If you need an array (which is called a list in python ) you declare it like this:
array = []
Then you can add items like this:
array.append('a')
Arrays (called list in python) use the [] notation. {} is for dict (also called hash tables, associated arrays, etc in other languages) so you won't have 'append' for a dict.
If you actually want an array (list), use:
array = []
array.append(valueToBeInserted)
Just for sake of completion, you can also do this:
array = []
array += [valueToBeInserted]
If it's a list of strings, this will also work:
array += 'string'
In some languages like JAVA you define an array using curly braces as following but in python it has a different meaning:
Java:
int[] myIntArray = {1,2,3};
String[] myStringArray = {"a","b","c"};
However, in Python, curly braces are used to define dictionaries, which needs a key:value assignment as {'a':1, 'b':2}
To actually define an array (which is actually called list in python) you can do:
Python:
mylist = [1,2,3]
or other examples like:
mylist = list()
mylist.append(1)
mylist.append(2)
mylist.append(3)
print(mylist)
>>> [1,2,3]
You can also do:
array = numpy.append(array, value)
Note that the numpy.append() method returns a new object, so if you want to modify your initial array, you have to write: array = ...

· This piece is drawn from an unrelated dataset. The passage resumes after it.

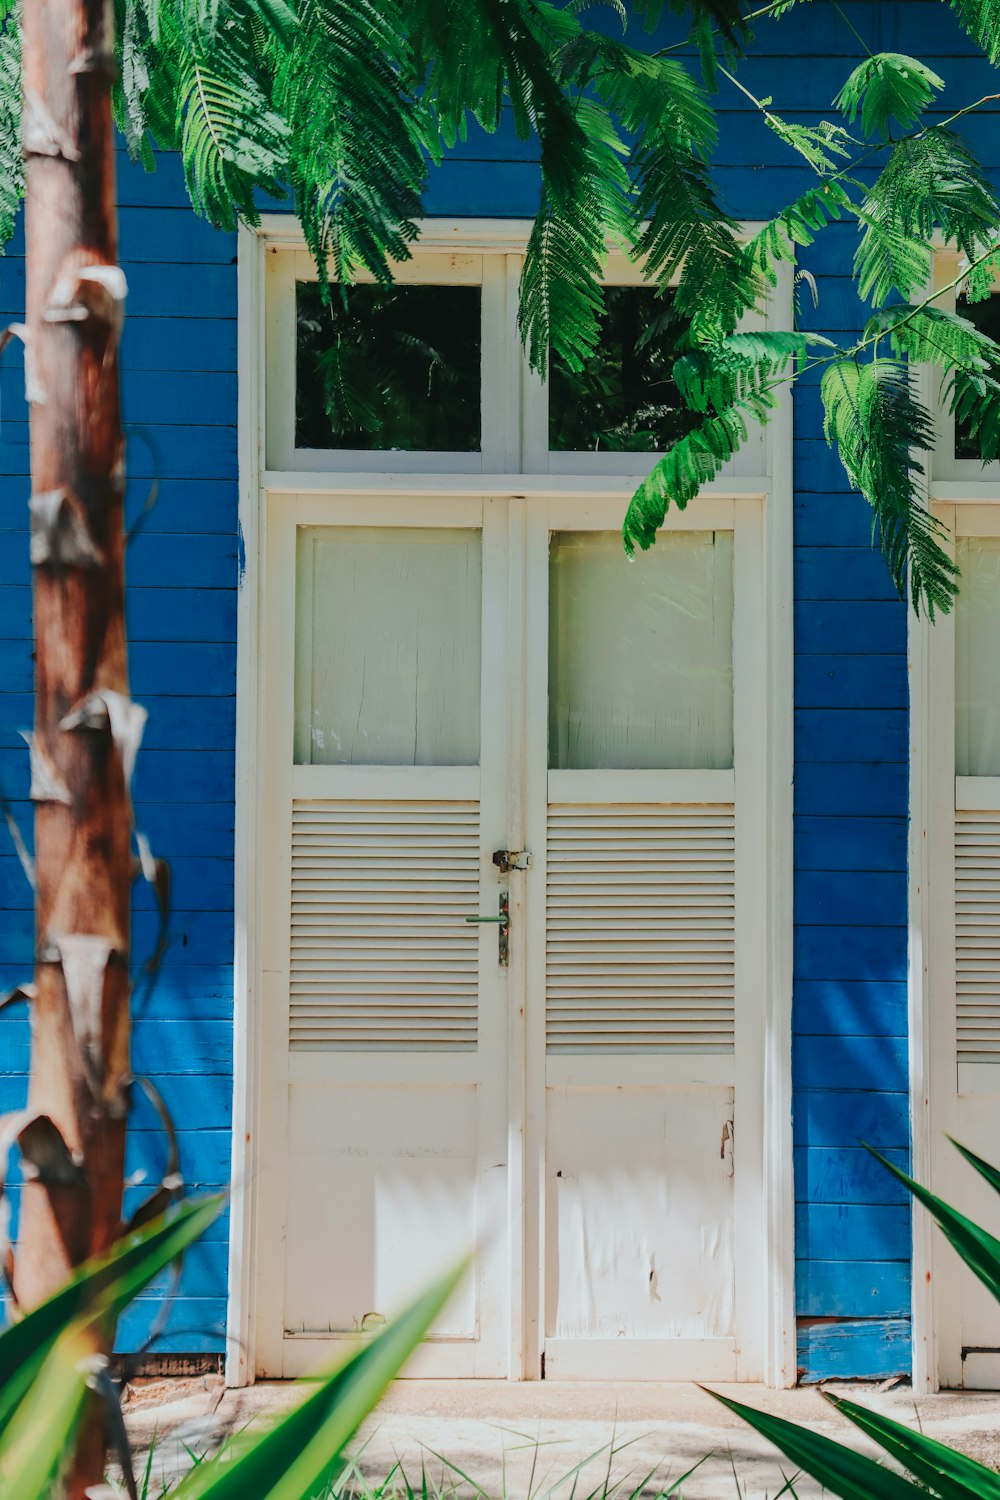 Palmera verde al lado de la puerta de madera azul

Isn't it a good idea to learn how to create an array in the most performant way?
It's really simple to create and insert an values into an array:
my_array = ["B","C","D","E","F"]
But, now we have two ways to insert one more value into this array:
Slow mode:
my_array.insert(0,"A") - moves all values to the right when entering an "A" in the zero position:
"A" --> "B","C","D","E","F"
Fast mode:
my_array.append("A")
Adds the value "A" to the last position of the array, without touching the other positions:
"B","C","D","E","F", "A"
If you need to display the sorted data, do so later when necessary. Use the way that is most useful to you, but it is interesting to understand the performance of each method.
I believe you are all wrong. you need to do:
array = array[] in order to define it, and then:
array.append ["hello"] to add to it.